Directions for this task: The whole listing below must be printed again exactly, images excluded.

Supplied data:
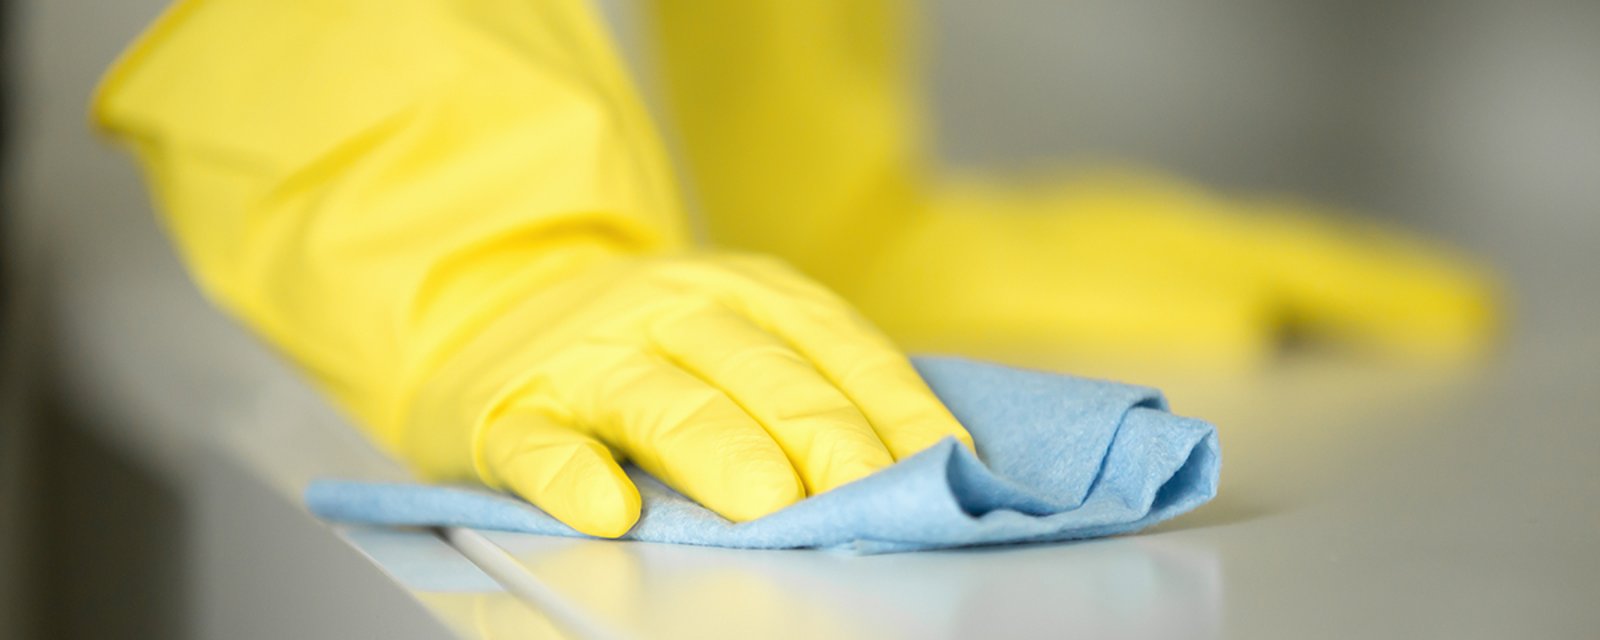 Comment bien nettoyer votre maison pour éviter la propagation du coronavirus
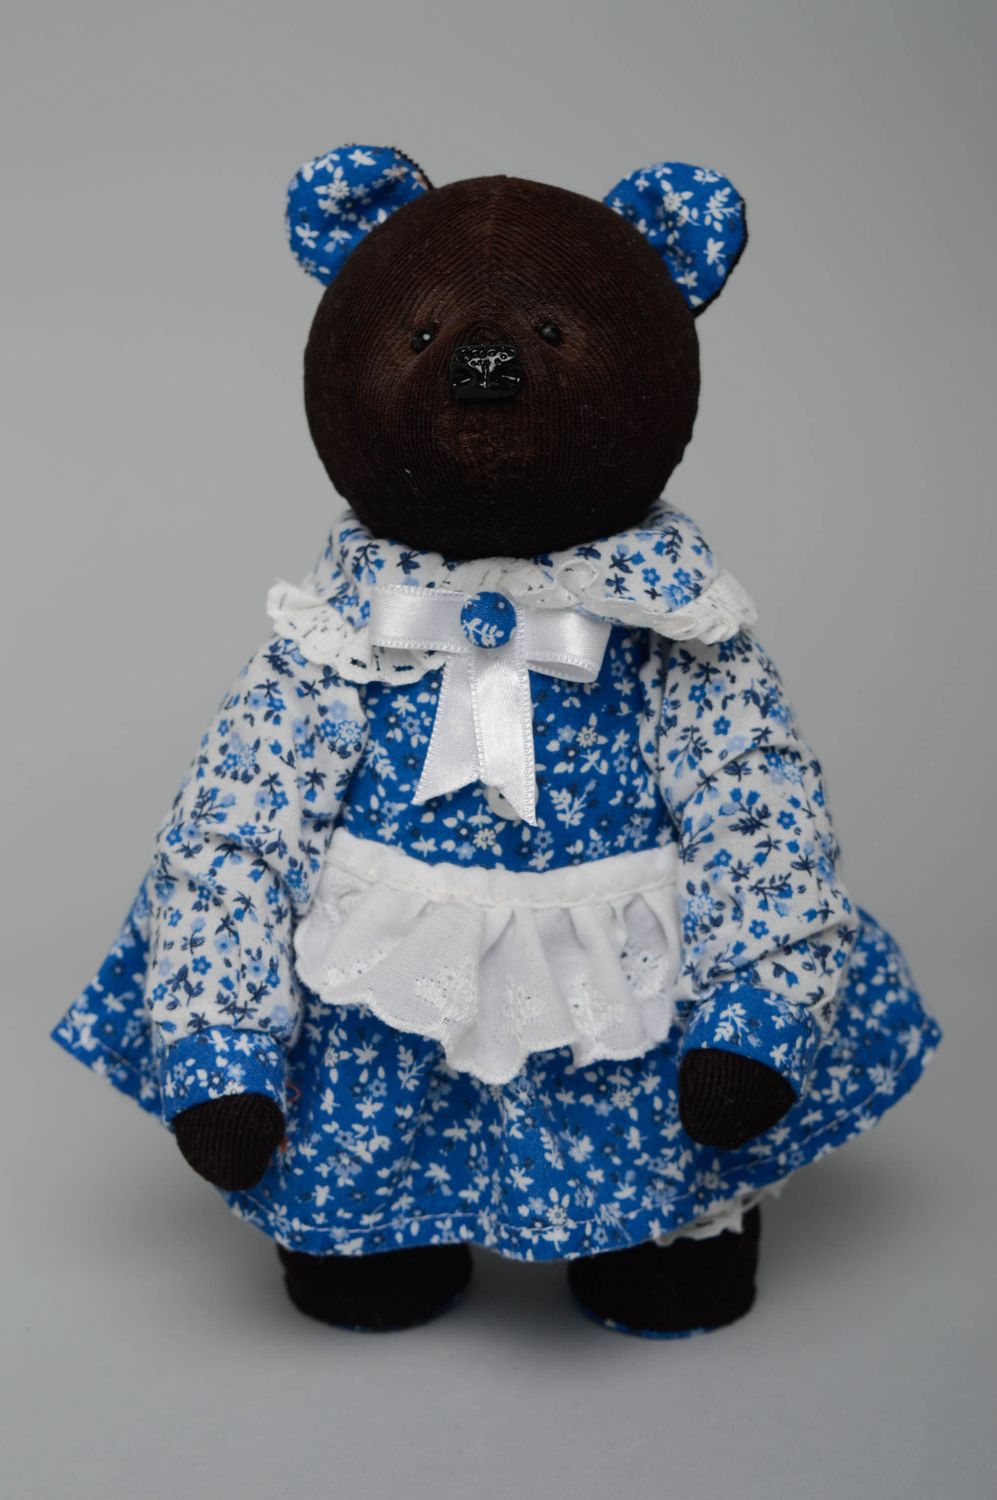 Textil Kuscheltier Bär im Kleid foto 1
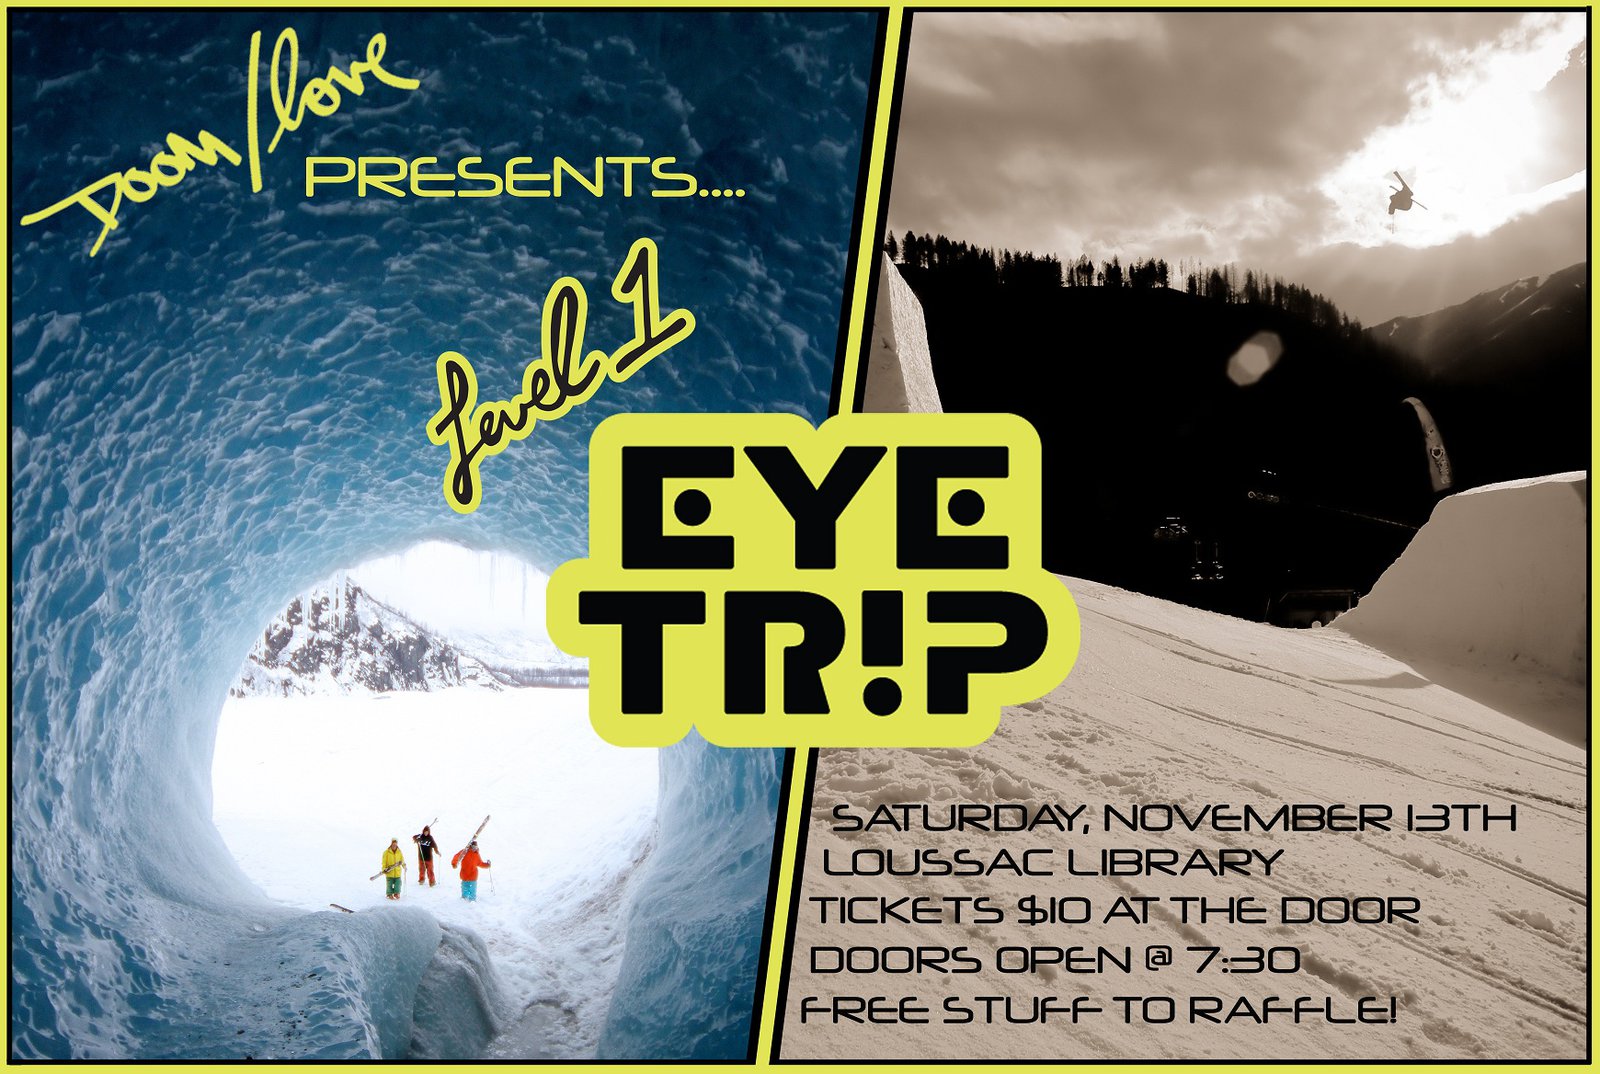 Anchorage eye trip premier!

Completed exercise:
 Comment bien nettoyer votre maison pour éviter la propagation du coronavirus
 Textil Kuscheltier Bär im Kleid foto 1
 Anchorage eye trip premier!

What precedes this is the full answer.